Consider for simplicity the domain $D= \{ John, Rachael, Cody \}$.

Scenario 1) :

$S$ = students in the class = $\{ John, Rachael, Cody \}$

and

$C$ = students of calculus = $\{ John, Rachael, Cody \}$.

We have that $S(John) \to C(John)$ is $T \to T$, i.e. $T$, and this holds for all three.

Thus, in Scenario 1), we have that :

$∀x(S(x) \to C(x))$ is True.

Scenario 2) : $S = \{ John, Rachael, Cody \}$ and $C = \{ Rachael, Cody \}$.

We have that $S(John) \to C(John)$ is $T \to F$, i.e. $F$, and thus :

$∀x(S(x) \to C(x))$ is False.

Finally : Scenario 3) : $S = \{ Rachael, Cody \}$ and $C = \{ Rachael, Cody \}$.

We have that $S(John) \to C(John)$ is $F \to F$, i.e. $T$. And we have $T$ also for $Rachel$ and $Cody$.
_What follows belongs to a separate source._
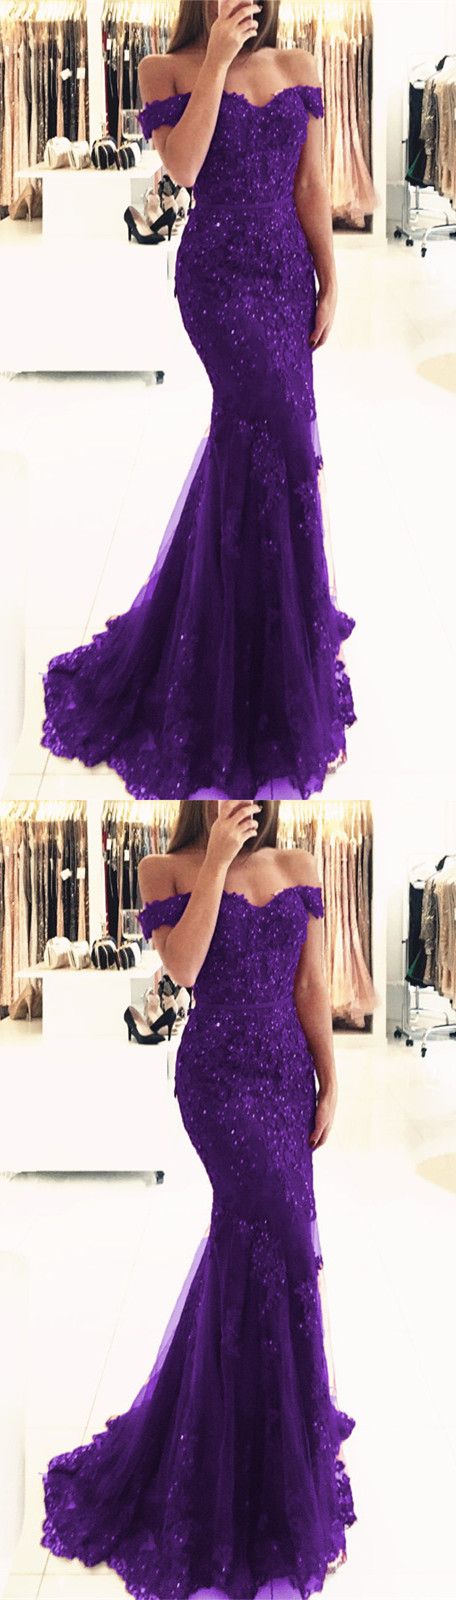 purple lace mermaid prom dresses beaded v neck evening gowns off the shoulder prom dress,2018 Plus Size Women Party Dresses,Girls Pageant Gowns ,A Line Party Dresses

Thus, in Scenario 3), we have again that :

$∀x(S(x) \to C(x))$ is True.

Answer 4

Now for the case where S(x) is False and C(x) is true, the expression is still true (according to the truth table of "->") which states the statement: "All people who're not students of the class have studied calculus". How come this statement is equivalent to the above statement "Every student in the class has studied calculus"

As your truth table shows, $\forall x~(S(x)\to C(x))$ is equivalent to $\forall x~(\neg S(x)\lor C(x))$ and also $\forall x ~\neg(S(x)\wedge\neg C(x))$.

That says, an aritrary person will (a) be not a student in the class $\underline{\textit {or}}$ (b) have studied calculus.   That is there will not be any students in the class who has not studied calculus.

Clearly that means everyone who is a student in the class must have studied calculus.